Он выпустил сапог, мягко скользнувший по моей ноге железной подковой, и поворошил страницы Тацита. Чему учит нас история? спросил он.
— Читай и плачь, — пробормотал я, перетрусив.
— Вздор! — Кляузевиц помахал иглой перед моим носом. — В том, что ты родился плаксой, еще нет исторической целесообразности.
— Я родился под несчастливой звездой, — сказал я.
— Так говорят люди, которым вообще не следовало рождаться. Ну давай, думай.
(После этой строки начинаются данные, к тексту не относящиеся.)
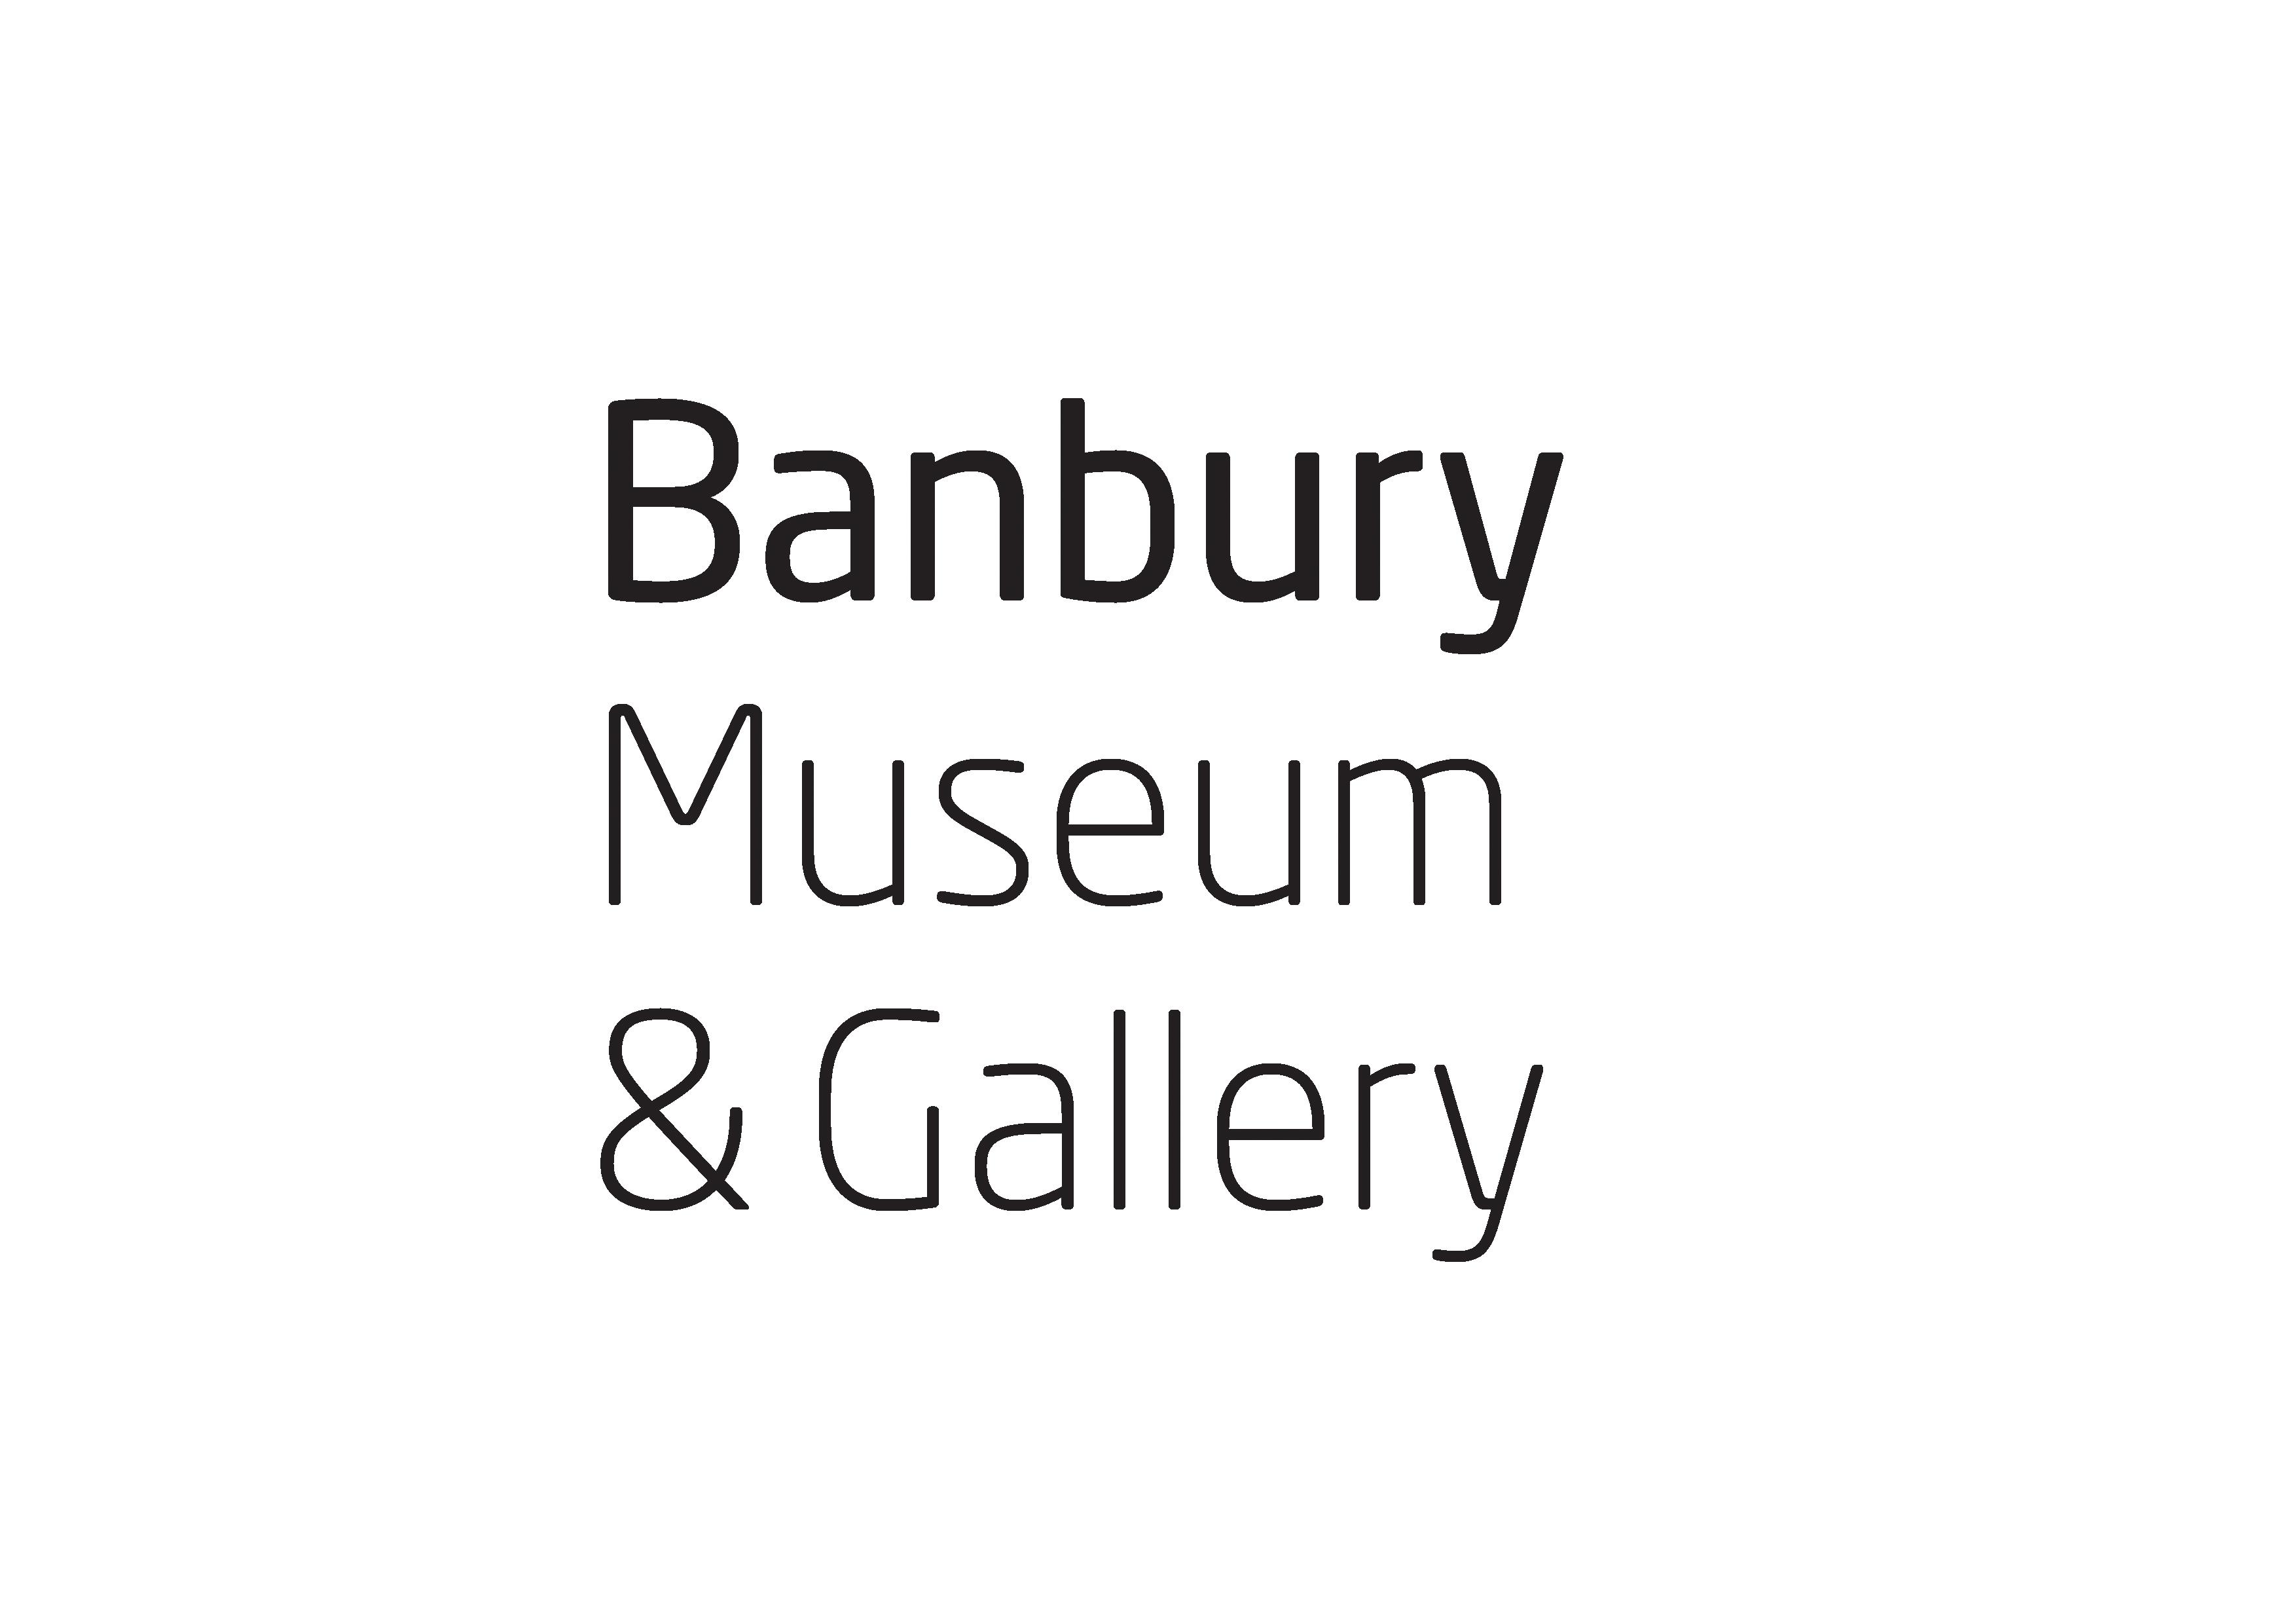 Banbury Museum & Gallery's logo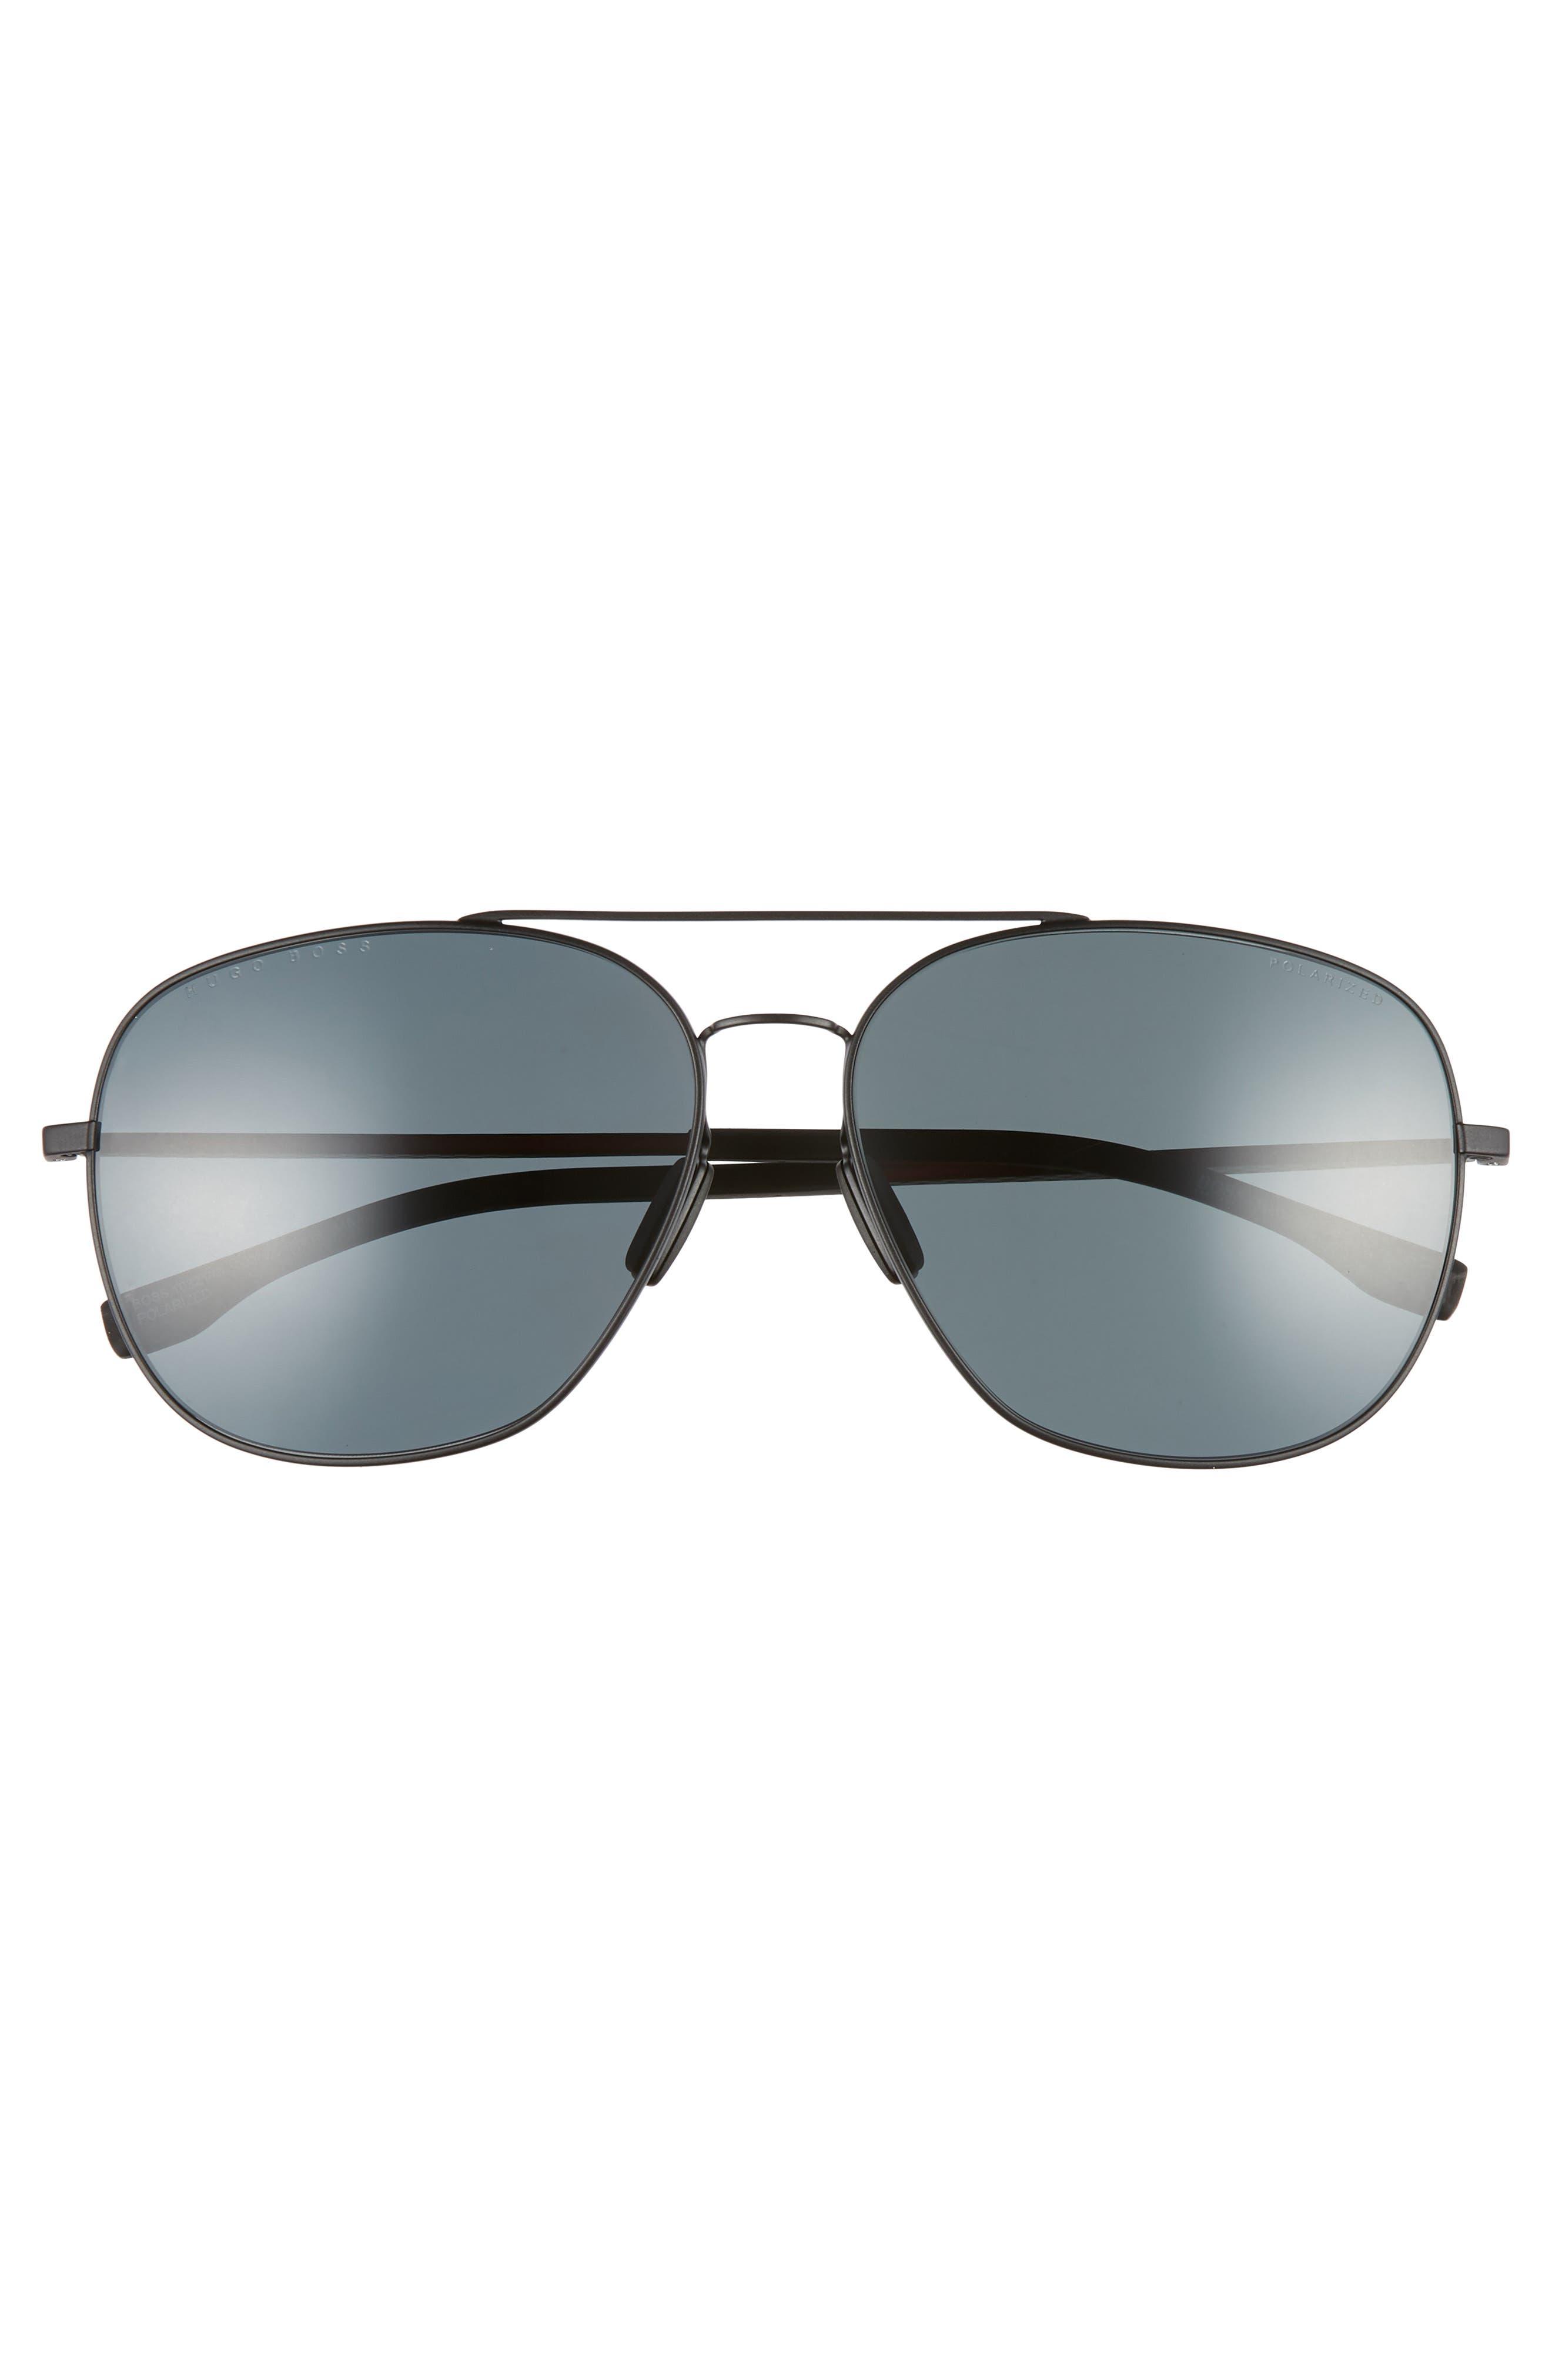 62mm Polarized Special Fit Aviator Sunglasses,                             Alternate thumbnail 2, color,                             MATTE BLACK

Что надо делать человеку, которому хочется севрюжины с хреном?
— Требовать конституции? — предположил я и покосился на телевизор, из которого как раз высунулась одна такая ухмыльнувшаяся мне рожа.
— На этом месте могла быть твоя реклама, — сказал Кляузевиц сурово.
— У меня нетоварный вид.
— А вот это можно назвать товарным видом? — удивился Кляузевиц, всматриваясь в мужика из телевизора, бойко зачастившего о закате культуры. Ужасно! Мужика обнесли какой-то позорной премией, и теперь он, задыхаясь гневом, рассказывал мне о моем преступном и наглом безразличии к этому печальному обстоятельству, норовя выставить меня подлецом и стряхнуть на меня же грязь своих пороков.
— Дурак и враг, — сказал я. — Не хочу.
— Восстание масс! — сказал Карл, улыбаясь. — Так ты не хочешь к ним присоединиться?
Он бросил иглу и книжку и взялся за пиво. Не совсем понимая ход его мыслей, я тоже взял бутылку и отошел в сторонку.
— Если просто живешь и совершаешь какие-то поступки, — сказал Кляузевиц, — ты чище банного листа, потому что подлость совершенного проступает только тогда, когда начинаешь об этом размышлять. Ты же не думаешь, что все эти люди — дураки по праву рождения? Они дураки идейные, почти сознательные, возмужавшие в битвах с моралью и там же обретшие кое-какие права. Если не победишь мораль, будешь побежден жизнью, вот тебе и весь исторический урок. Подонок — только тот, кто сам об этом знает.
— Немного же на свете подонков, — сказал я.
Кляузевиц кивнул.
— Люди не скрывают свои пороки, потому что не догадываются об их существовании. Стороннего моралиста это коробит, но то, что он принимает за цинизм, на самом деле — невинность. Общество отлично функционирует благодаря ограниченности сознания, а не его наличию. Функционирует, как хороший офис, в котором каждый клерк занят своим делом, а общее дело делается как-то само собой.
Я почувствовал нехорошую грусть.
— Что с тобой сегодня? — спросил я.
— Каждый день ходить в офис, — мечтательно сказал Кляузевиц, — на службу... А там девки... а там корпоративные праздники... а там, глядишь, и пенсия, и еще я хочу, ты знаешь, такую маленькую серебряную херь для визиток, в ней удобно держать марки.
— Фу ты, Боже, — сказал я. — Ты шутишь, а я уж было испугался.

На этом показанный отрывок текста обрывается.